** TASK INSTRUCTIONS **
Reproduce each record exactly, leaving nothing out.
**** THE DATA
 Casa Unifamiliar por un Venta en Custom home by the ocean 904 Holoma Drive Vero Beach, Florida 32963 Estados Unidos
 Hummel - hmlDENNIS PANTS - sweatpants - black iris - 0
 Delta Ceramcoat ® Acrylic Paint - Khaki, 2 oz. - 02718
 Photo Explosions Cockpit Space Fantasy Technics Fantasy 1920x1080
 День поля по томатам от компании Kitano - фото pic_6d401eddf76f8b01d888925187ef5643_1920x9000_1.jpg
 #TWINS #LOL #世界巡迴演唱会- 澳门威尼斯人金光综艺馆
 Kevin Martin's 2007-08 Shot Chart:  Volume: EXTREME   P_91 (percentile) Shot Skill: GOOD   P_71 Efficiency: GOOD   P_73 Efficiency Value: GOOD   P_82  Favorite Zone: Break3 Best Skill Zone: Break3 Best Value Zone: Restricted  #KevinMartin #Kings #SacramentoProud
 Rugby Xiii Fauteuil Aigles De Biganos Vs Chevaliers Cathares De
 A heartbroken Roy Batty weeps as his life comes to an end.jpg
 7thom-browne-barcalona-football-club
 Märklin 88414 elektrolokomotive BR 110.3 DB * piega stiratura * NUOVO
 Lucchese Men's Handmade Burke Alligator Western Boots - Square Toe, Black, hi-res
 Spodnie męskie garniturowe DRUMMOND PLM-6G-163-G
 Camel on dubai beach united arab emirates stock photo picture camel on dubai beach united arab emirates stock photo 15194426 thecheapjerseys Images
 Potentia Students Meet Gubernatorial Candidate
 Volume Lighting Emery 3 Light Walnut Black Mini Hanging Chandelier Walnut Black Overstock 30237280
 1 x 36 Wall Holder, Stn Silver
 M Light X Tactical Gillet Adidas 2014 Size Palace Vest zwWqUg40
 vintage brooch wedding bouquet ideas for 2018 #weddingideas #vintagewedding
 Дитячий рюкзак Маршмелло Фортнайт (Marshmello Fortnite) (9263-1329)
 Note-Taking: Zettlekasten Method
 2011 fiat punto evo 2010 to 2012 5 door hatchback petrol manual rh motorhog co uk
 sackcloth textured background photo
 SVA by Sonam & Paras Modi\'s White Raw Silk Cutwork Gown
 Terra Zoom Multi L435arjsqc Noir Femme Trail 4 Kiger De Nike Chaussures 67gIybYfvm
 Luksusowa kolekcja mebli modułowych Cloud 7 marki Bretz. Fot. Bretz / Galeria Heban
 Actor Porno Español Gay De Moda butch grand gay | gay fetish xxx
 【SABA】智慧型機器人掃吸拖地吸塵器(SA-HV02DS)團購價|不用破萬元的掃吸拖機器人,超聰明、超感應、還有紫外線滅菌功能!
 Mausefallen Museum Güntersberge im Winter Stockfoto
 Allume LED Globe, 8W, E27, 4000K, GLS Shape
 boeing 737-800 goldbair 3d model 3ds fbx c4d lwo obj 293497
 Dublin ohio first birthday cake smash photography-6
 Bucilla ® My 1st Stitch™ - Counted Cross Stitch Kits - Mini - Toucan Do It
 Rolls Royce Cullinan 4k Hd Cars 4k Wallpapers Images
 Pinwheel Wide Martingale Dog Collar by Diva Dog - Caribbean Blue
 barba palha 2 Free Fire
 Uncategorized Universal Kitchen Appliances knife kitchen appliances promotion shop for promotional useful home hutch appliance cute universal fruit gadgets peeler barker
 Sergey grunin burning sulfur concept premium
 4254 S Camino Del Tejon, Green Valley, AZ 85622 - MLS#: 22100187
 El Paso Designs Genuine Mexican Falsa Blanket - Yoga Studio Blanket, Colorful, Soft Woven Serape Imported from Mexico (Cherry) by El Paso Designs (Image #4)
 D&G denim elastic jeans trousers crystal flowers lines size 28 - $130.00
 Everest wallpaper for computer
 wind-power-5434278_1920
********
** FINISHED EXERCISE **
 Casa Unifamiliar por un Venta en Custom home by the ocean 904 Holoma Drive Vero Beach, Florida 32963 Estados Unidos
 Hummel - hmlDENNIS PANTS - sweatpants - black iris - 0
 Delta Ceramcoat ® Acrylic Paint - Khaki, 2 oz. - 02718
 Photo Explosions Cockpit Space Fantasy Technics Fantasy 1920x1080
 День поля по томатам от компании Kitano - фото pic_6d401eddf76f8b01d888925187ef5643_1920x9000_1.jpg
 #TWINS #LOL #世界巡迴演唱会- 澳门威尼斯人金光综艺馆
 Kevin Martin's 2007-08 Shot Chart:  Volume: EXTREME   P_91 (percentile) Shot Skill: GOOD   P_71 Efficiency: GOOD   P_73 Efficiency Value: GOOD   P_82  Favorite Zone: Break3 Best Skill Zone: Break3 Best Value Zone: Restricted  #KevinMartin #Kings #SacramentoProud
 Rugby Xiii Fauteuil Aigles De Biganos Vs Chevaliers Cathares De
 A heartbroken Roy Batty weeps as his life comes to an end.jpg
 7thom-browne-barcalona-football-club
 Märklin 88414 elektrolokomotive BR 110.3 DB * piega stiratura * NUOVO
 Lucchese Men's Handmade Burke Alligator Western Boots - Square Toe, Black, hi-res
 Spodnie męskie garniturowe DRUMMOND PLM-6G-163-G
 Camel on dubai beach united arab emirates stock photo picture camel on dubai beach united arab emirates stock photo 15194426 thecheapjerseys Images
 Potentia Students Meet Gubernatorial Candidate
 Volume Lighting Emery 3 Light Walnut Black Mini Hanging Chandelier Walnut Black Overstock 30237280
 1 x 36 Wall Holder, Stn Silver
 M Light X Tactical Gillet Adidas 2014 Size Palace Vest zwWqUg40
 vintage brooch wedding bouquet ideas for 2018 #weddingideas #vintagewedding
 Дитячий рюкзак Маршмелло Фортнайт (Marshmello Fortnite) (9263-1329)
 Note-Taking: Zettlekasten Method
 2011 fiat punto evo 2010 to 2012 5 door hatchback petrol manual rh motorhog co uk
 sackcloth textured background photo
 SVA by Sonam & Paras Modi\'s White Raw Silk Cutwork Gown
 Terra Zoom Multi L435arjsqc Noir Femme Trail 4 Kiger De Nike Chaussures 67gIybYfvm
 Luksusowa kolekcja mebli modułowych Cloud 7 marki Bretz. Fot. Bretz / Galeria Heban
 Actor Porno Español Gay De Moda butch grand gay | gay fetish xxx
 【SABA】智慧型機器人掃吸拖地吸塵器(SA-HV02DS)團購價|不用破萬元的掃吸拖機器人,超聰明、超感應、還有紫外線滅菌功能!
 Mausefallen Museum Güntersberge im Winter Stockfoto
 Allume LED Globe, 8W, E27, 4000K, GLS Shape
 boeing 737-800 goldbair 3d model 3ds fbx c4d lwo obj 293497
 Dublin ohio first birthday cake smash photography-6
 Bucilla ® My 1st Stitch™ - Counted Cross Stitch Kits - Mini - Toucan Do It
 Rolls Royce Cullinan 4k Hd Cars 4k Wallpapers Images
 Pinwheel Wide Martingale Dog Collar by Diva Dog - Caribbean Blue
 barba palha 2 Free Fire
 Uncategorized Universal Kitchen Appliances knife kitchen appliances promotion shop for promotional useful home hutch appliance cute universal fruit gadgets peeler barker
 Sergey grunin burning sulfur concept premium
 4254 S Camino Del Tejon, Green Valley, AZ 85622 - MLS#: 22100187
 El Paso Designs Genuine Mexican Falsa Blanket - Yoga Studio Blanket, Colorful, Soft Woven Serape Imported from Mexico (Cherry) by El Paso Designs (Image #4)
 D&G denim elastic jeans trousers crystal flowers lines size 28 - $130.00
 Everest wallpaper for computer
 wind-power-5434278_1920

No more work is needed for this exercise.